Macadam base is a type of road base construction that was widely used in the past but has been largely replaced by more modern techniques. It consists of multiple layers of compacted crushed stone or gravel. The base is constructed by placing coarse aggregate, such as crushed stone, on the prepared subgrade and compacting it with heavy rollers. The process is repeated with finer aggregates until the desired thickness and compaction level are achieved.
The macadam base provides stability and support to the pavement structure by distributing the load from traffic and preventing deformation of the underlying subgrade. It also offers some drainage capabilities due to the void spaces between the stones. However, it lacks the superior performance and durability of more advanced base course materials and methods.
In-water bound Macadam:
In-water bound macadam, also known as water-bound macadam or WBM, is a type of road construction method that utilizes a mixture of crushed stone aggregates, water, and a binding material, typically clay or fine sand. This technique was widely used in the past, particularly in rural areas with limited resources and low traffic volumes.
The construction process involves placing the crushed stone aggregates in layers on the prepared subgrade. Each layer is compacted and then thoroughly watered to facilitate the binding action of the finer particles. The water helps in the compaction process and allows the binding material to fill the voids between the larger stones, creating a relatively stable and durable base.
In-water bound macadam provides some load-bearing capacity and allows for water drainage. However, it is not as strong or long-lasting as modern base course materials and methods. Therefore, it is typically used in low-traffic areas or as a temporary solution before more permanent pavement structures are implemented.
Treated bases, also known as stabilized bases, are base course materials that have been modified or treated with additives to improve their engineering properties and performance. These additives can include cement, lime, asphalt, or chemical stabilizers.
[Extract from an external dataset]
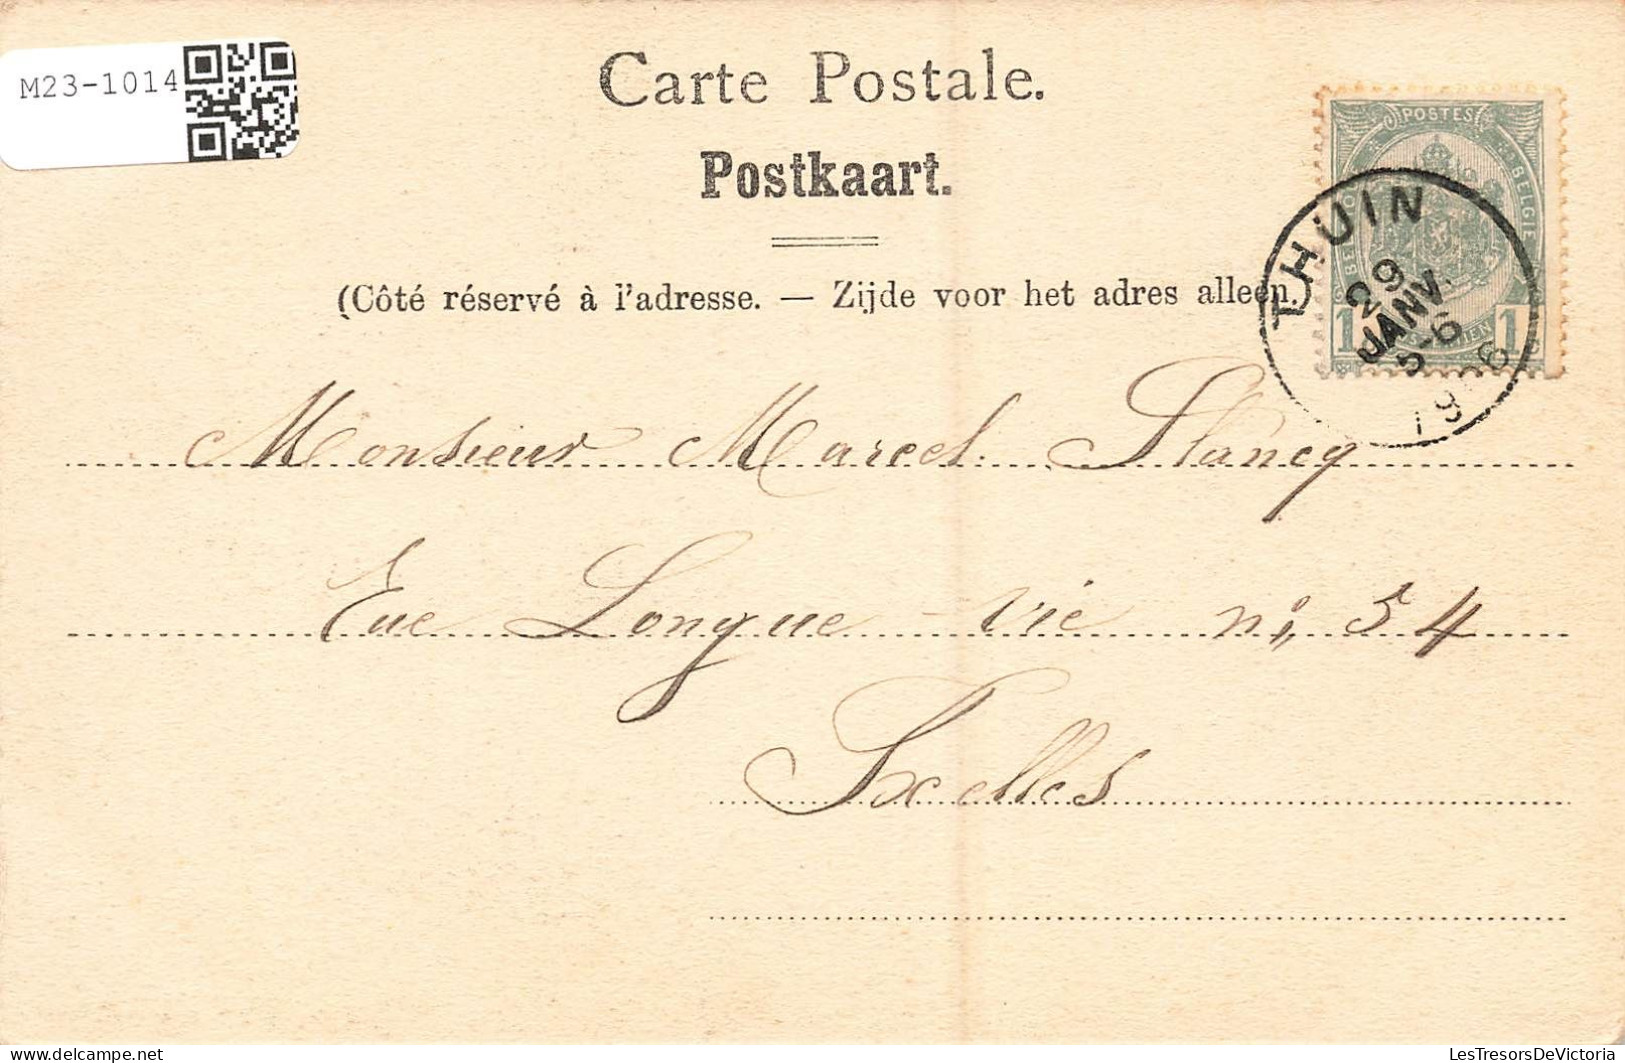 BELGIQUE - Thuin - Paysage - Carte Postale Ancienne - Thuin

The treatment process involves mixing the additives with the base material, such as crushed stone or aggregate, and then compacting the mixture to achieve the desired strength and stability. The additives help bind the particles together, increasing the load-bearing capacity, reducing deformation, and enhancing durability.
Treated bases offer several advantages, including increased strength, improved resistance to moisture, and reduced susceptibility to frost heave and other environmental factors. They are commonly used in high-traffic areas, heavy-duty pavements, and areas with challenging soil conditions where additional support and stability are required.